In hydrocarbon reservoirs, fluid types can often vary from dry gas to volatile oil in the same column. Because of varying and unknown invasion patterns and inexact clay volume estimations, fluid types differentiation based on conventional logs is not always conclusive. A case study is presented utilizing advanced nuclear magnetic resonance (NMR) techniques in conjunction with the latest downhole fluid analysis (DFA) measurements from wireline formation testers to accurately assess the hydrocarbon type variations.

The saturation profiling data from an NMR diffusion-based tool provides fluid typing information in a continuous depth log. This approach can be limited by invasion.
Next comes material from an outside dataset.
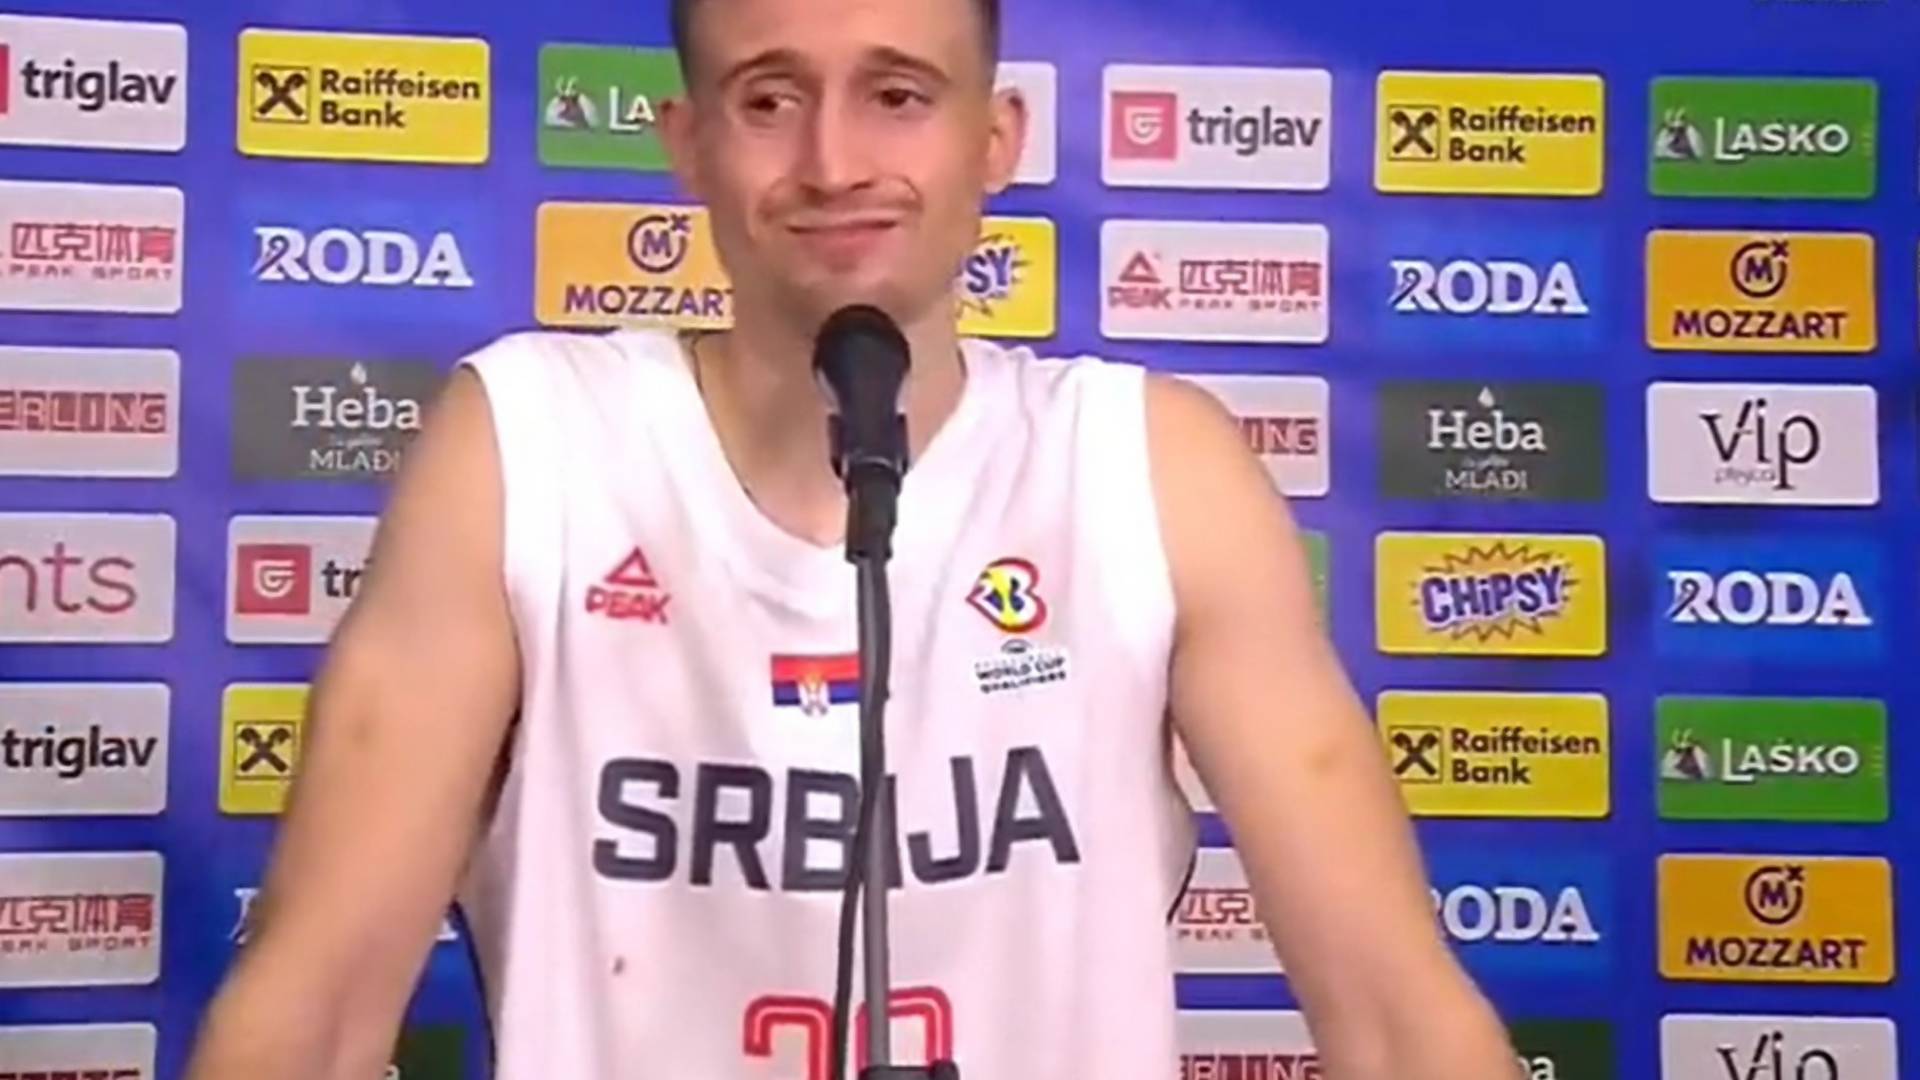 Naš košarkaš posle pobede nad Letonijom ne može da prestane da uzdiše i hukće i ceo internet ga obožava zbog toga

On the other hand, formation testers allow taking in-situ measurements of the virgin fluids beyond the invaded zone, but only at discrete depths. Hence, the two measurements ideally complement each other.

In this case study, NMR saturation profiling was acquired over a series of channelized reservoirs. There is a transition from a water zone into an oil zone, and then into a rich gas reservoir, indicated by both the DFA and the NMR measurements. Above the rich gas is a dry gas interval that is conclusively in a separate compartment. Diffusion-based NMR identifies the fluid type in a series of thin reservoirs above this main section, in which no samples were taken. NMR and DFA both detect compositional gradients, invisible to conventional logs.

The work presented in this paper demonstrates how the integration of measurements from various tools can lead to a better understanding of fluid types and distribution.